• _Goal of the exercise_: The copy should run from the line containing "Prince Carl Philip and Princess Sofia arrive for a theatre" through the last line of the entries below, exactly as written, with pictures omitted.

• _Available data_:
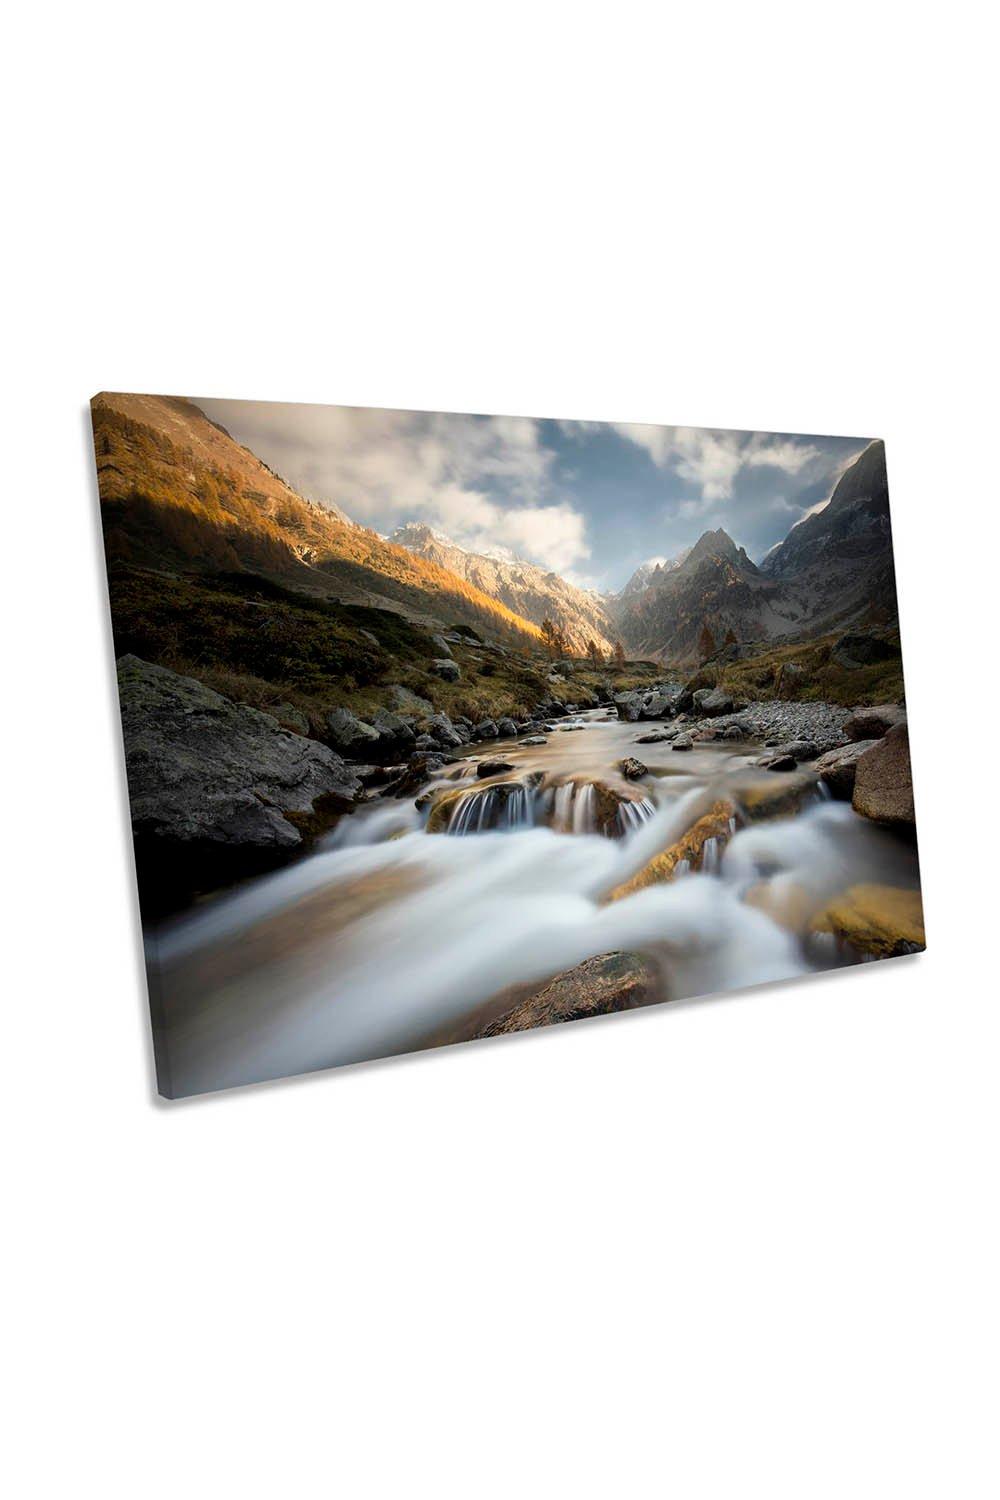 Autumn in the Alps Mountain River Landscape Canvas Wall Art Picture Print
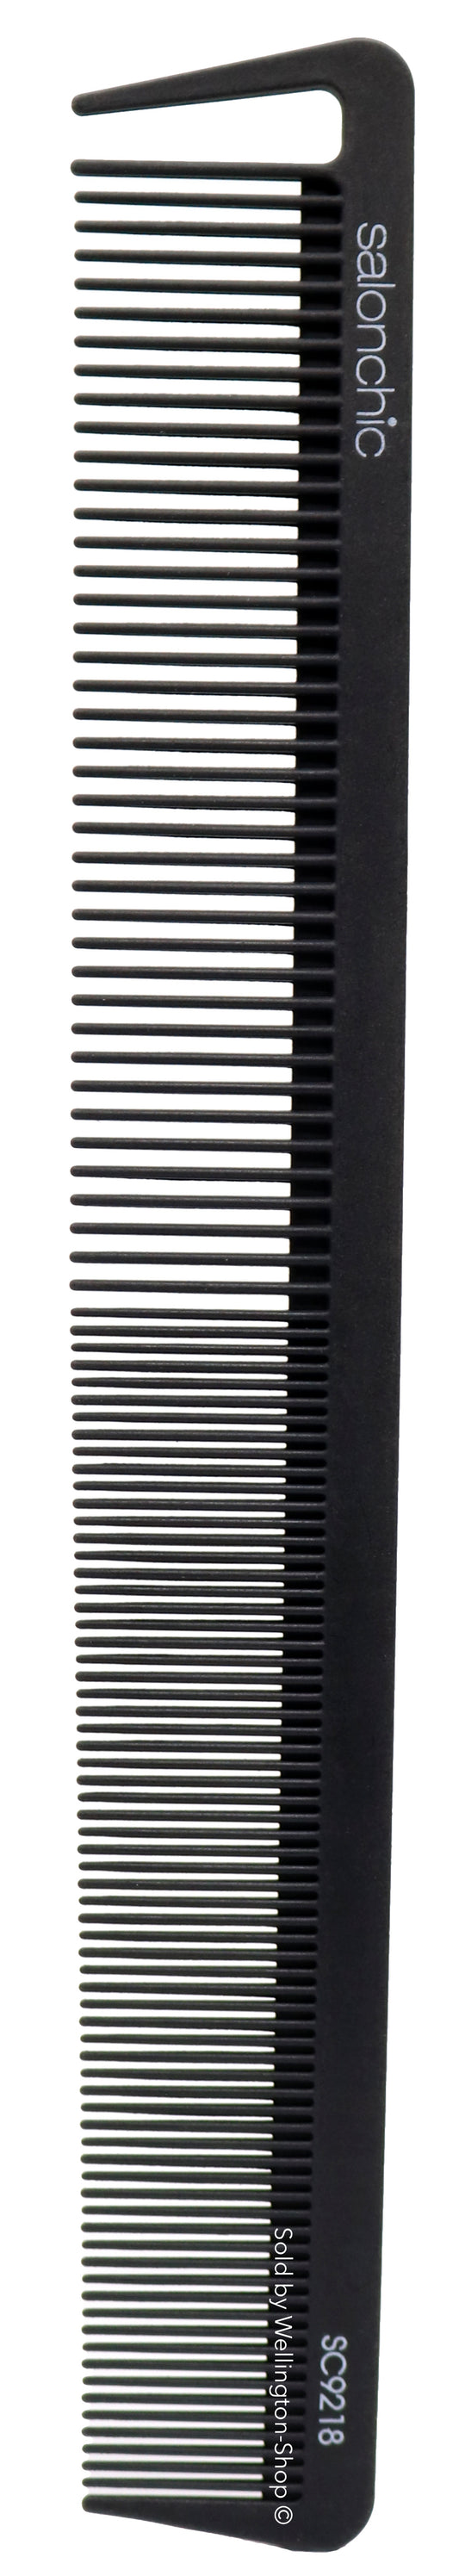 Salonchic 8.5 Inch High Heat Resistant Carbon Comb. Hair Cutting Comb. 1 pc.
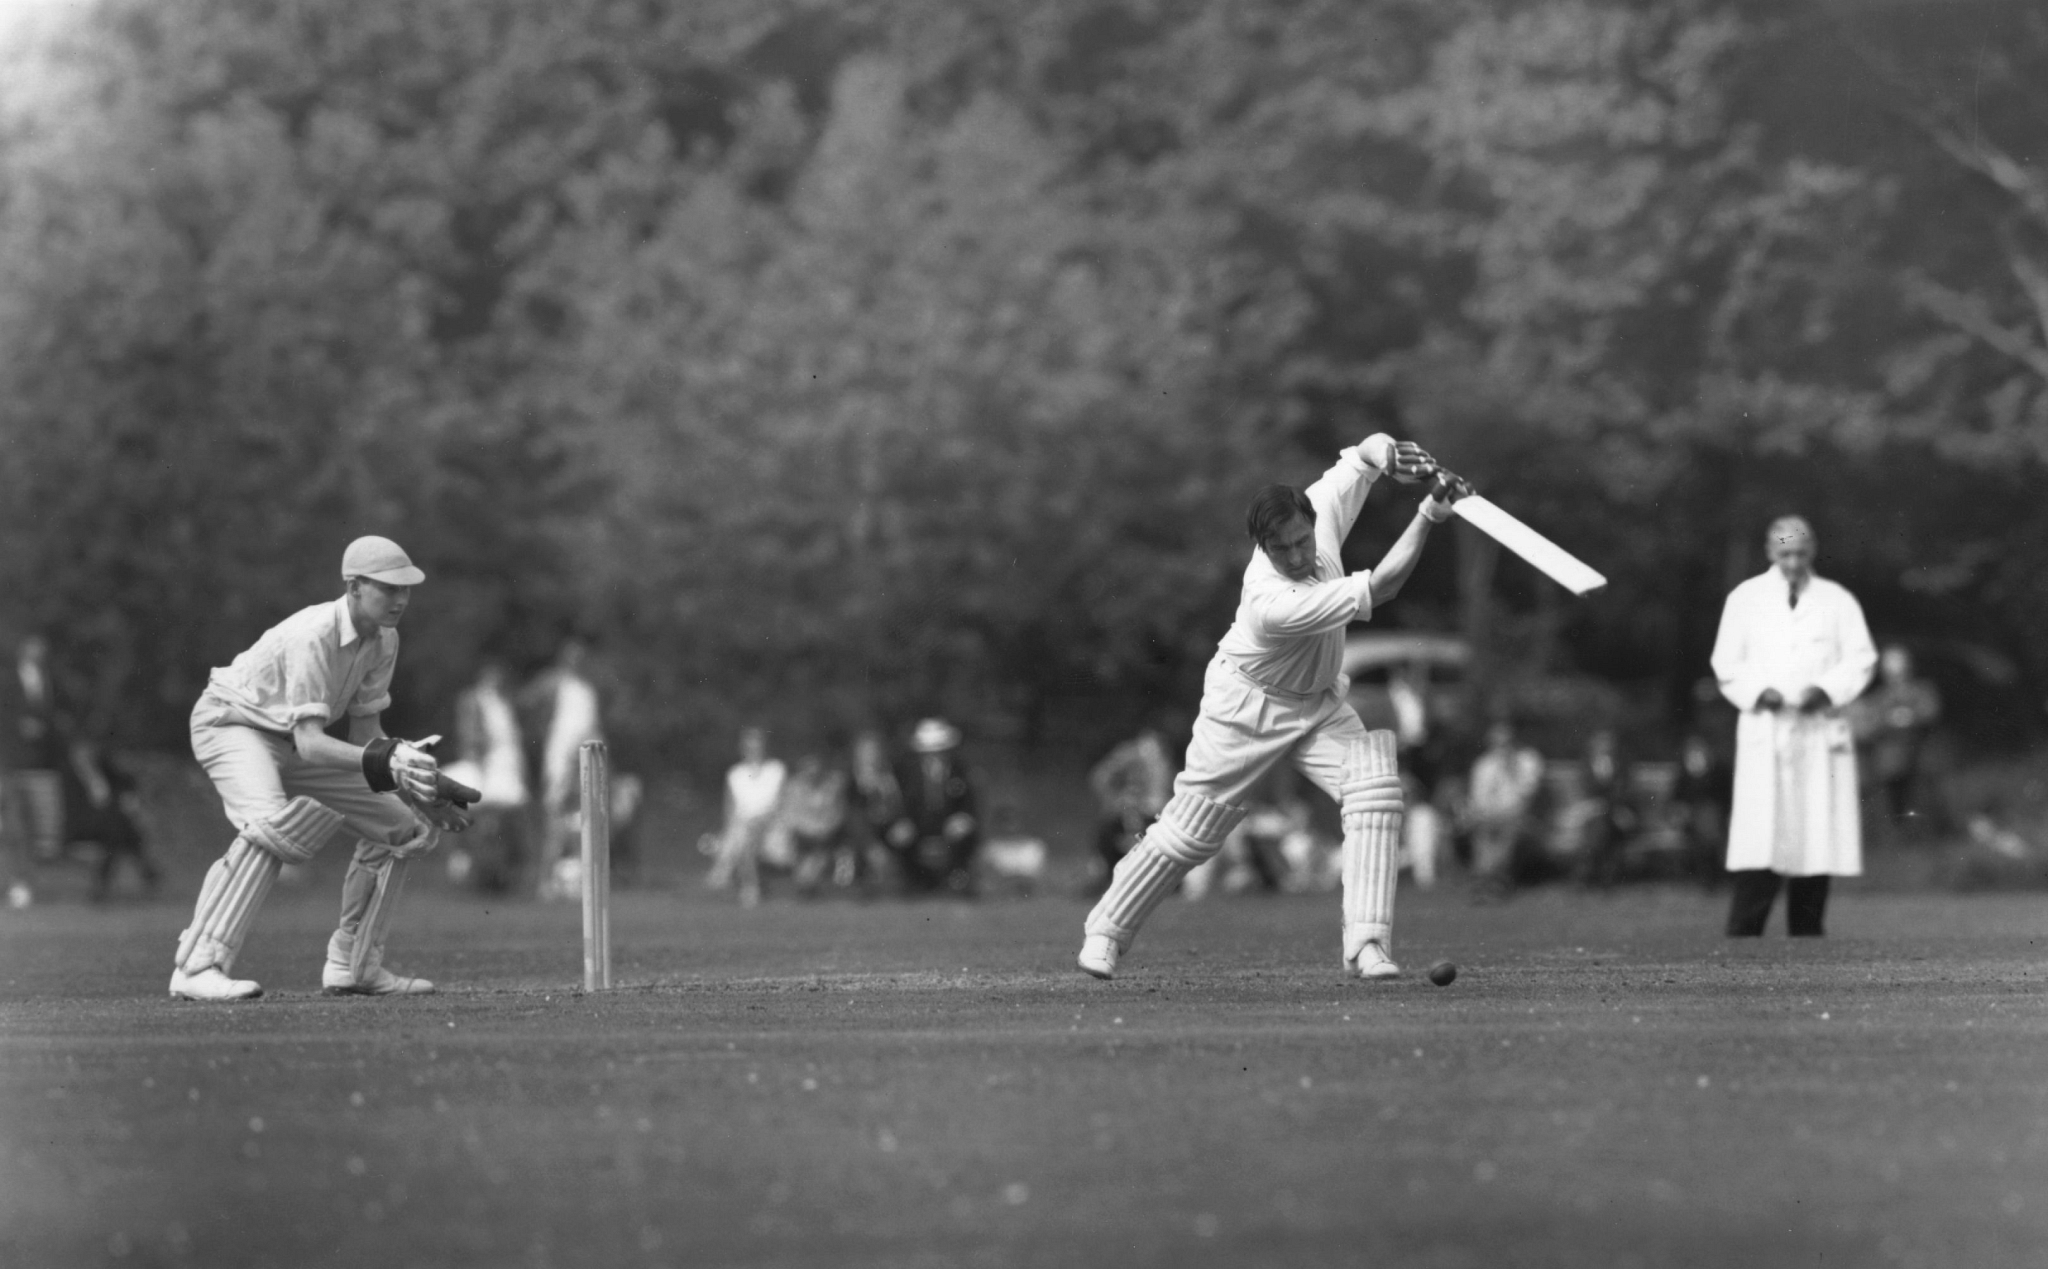 Representative Image. [A Test cricket match in 1956 (Harrison/Getty Images)]
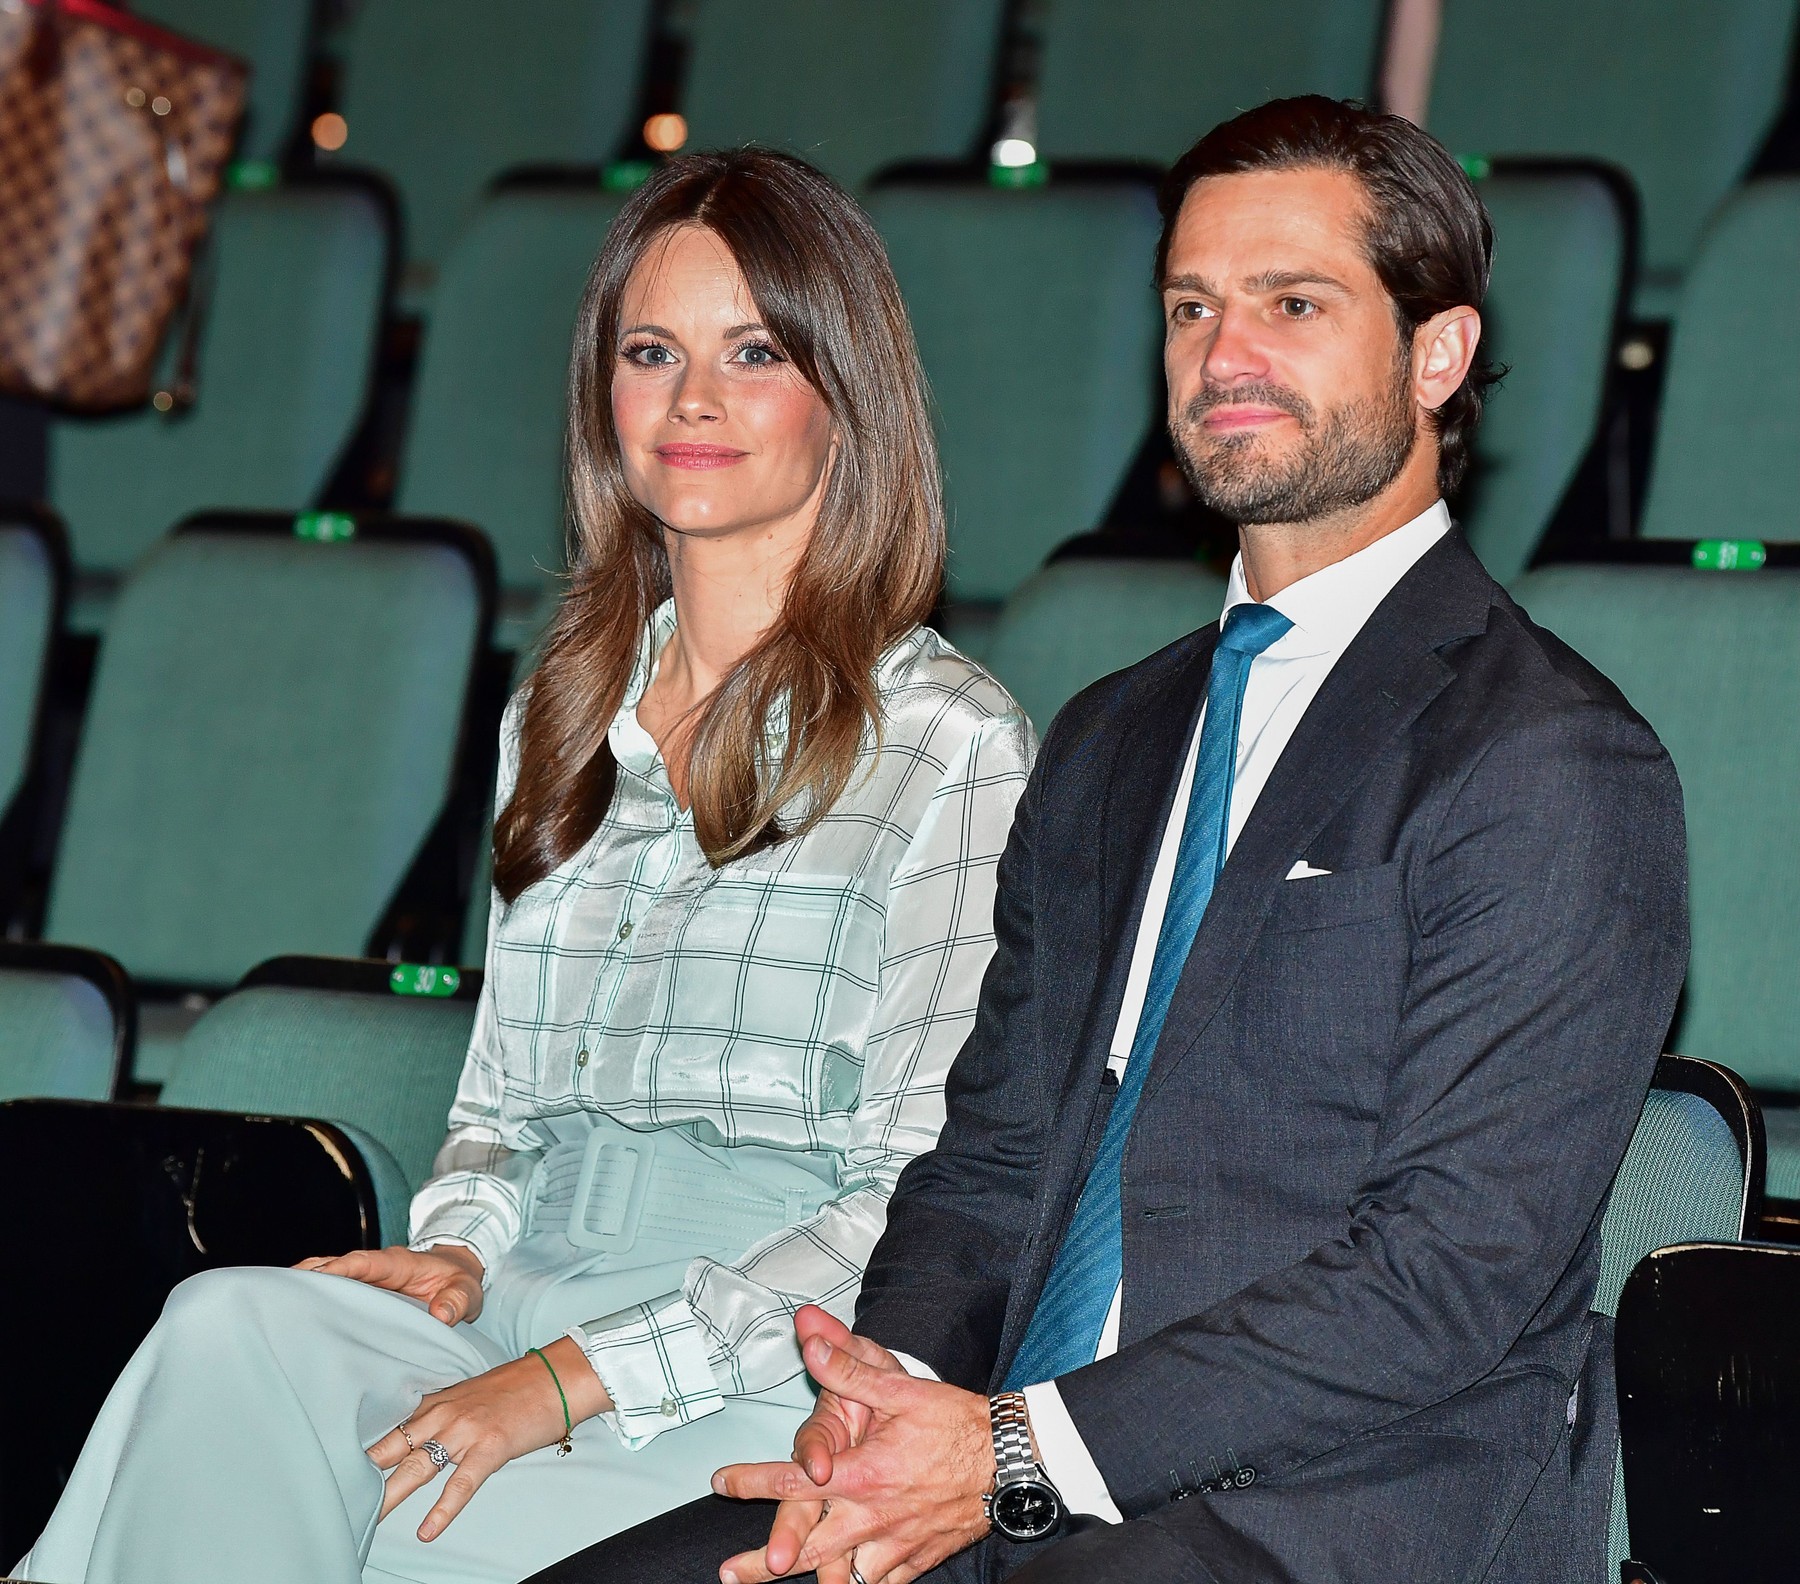 Prince Carl Philip and Princess Sofia arrive for a preview of the theatre performance; 'If I Say Something, it Only Gets Worse....'.
Prince Carl Philip and Princess Sofia arrive for a theatre performance, Kulturhuset Stadsteatern, Stockholm, Sweden - 23 Sep 2020,Image: 559438392, License: Rights-managed, Restrictions: , Model Release: no, Credit line: IBL / Shutterstock Editorial / Profimedia
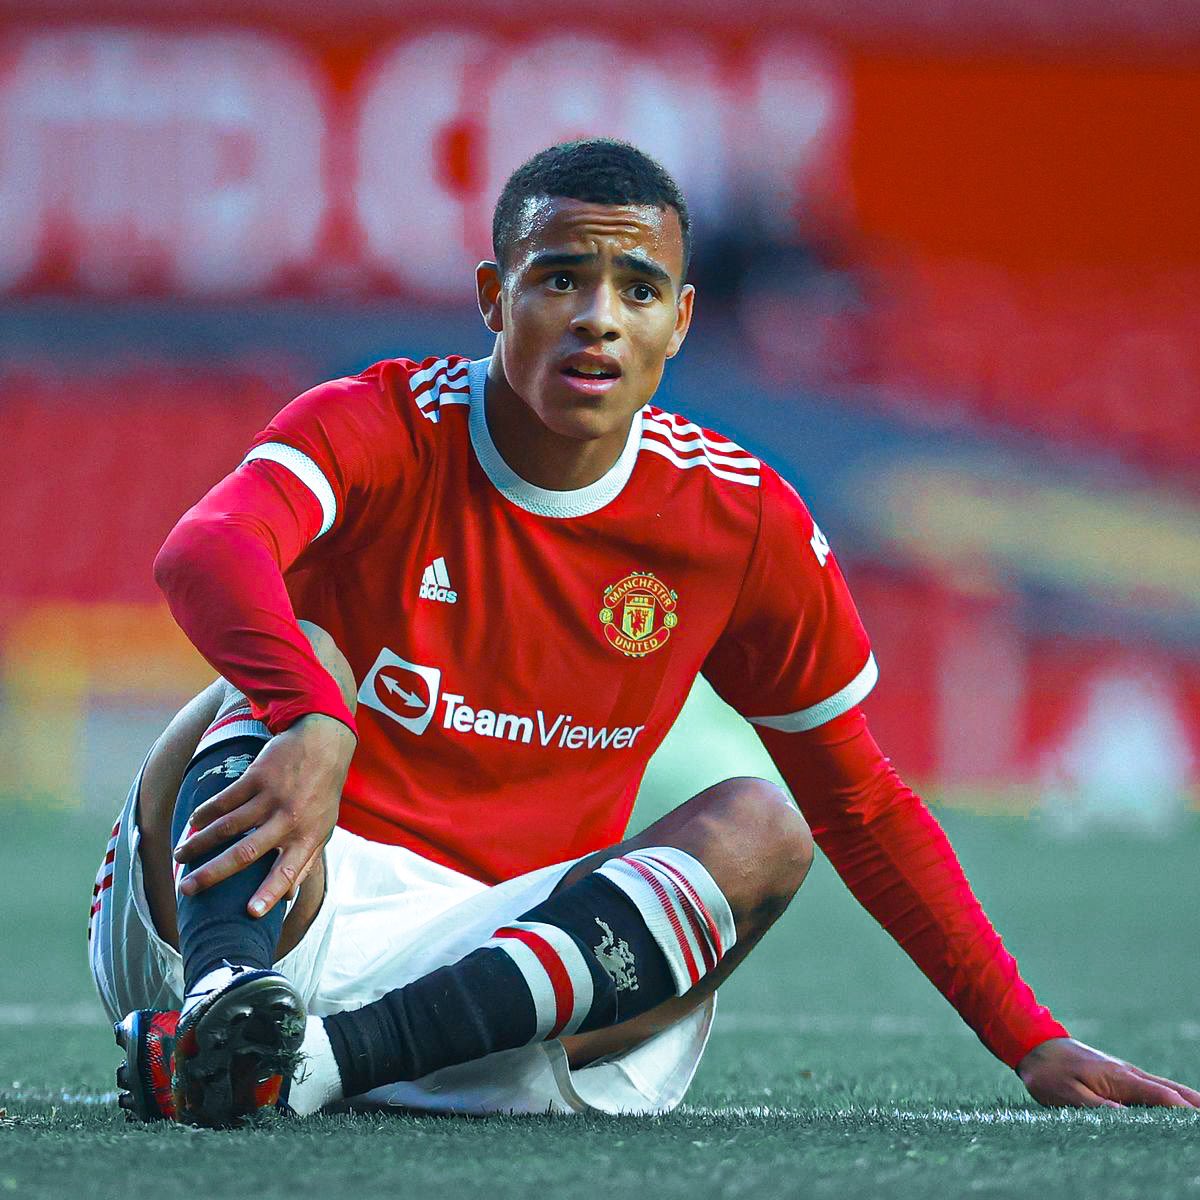 All signs hint that Manchester United are going to bring back Mason Greenwood. What an awful and cowardly decision that will be.

• _Task answer_:
Prince Carl Philip and Princess Sofia arrive for a theatre performance, Kulturhuset Stadsteatern, Stockholm, Sweden - 23 Sep 2020,Image: 559438392, License: Rights-managed, Restrictions: , Model Release: no, Credit line: IBL / Shutterstock Editorial / Profimedia
 All signs hint that Manchester United are going to bring back Mason Greenwood. What an awful and cowardly decision that will be.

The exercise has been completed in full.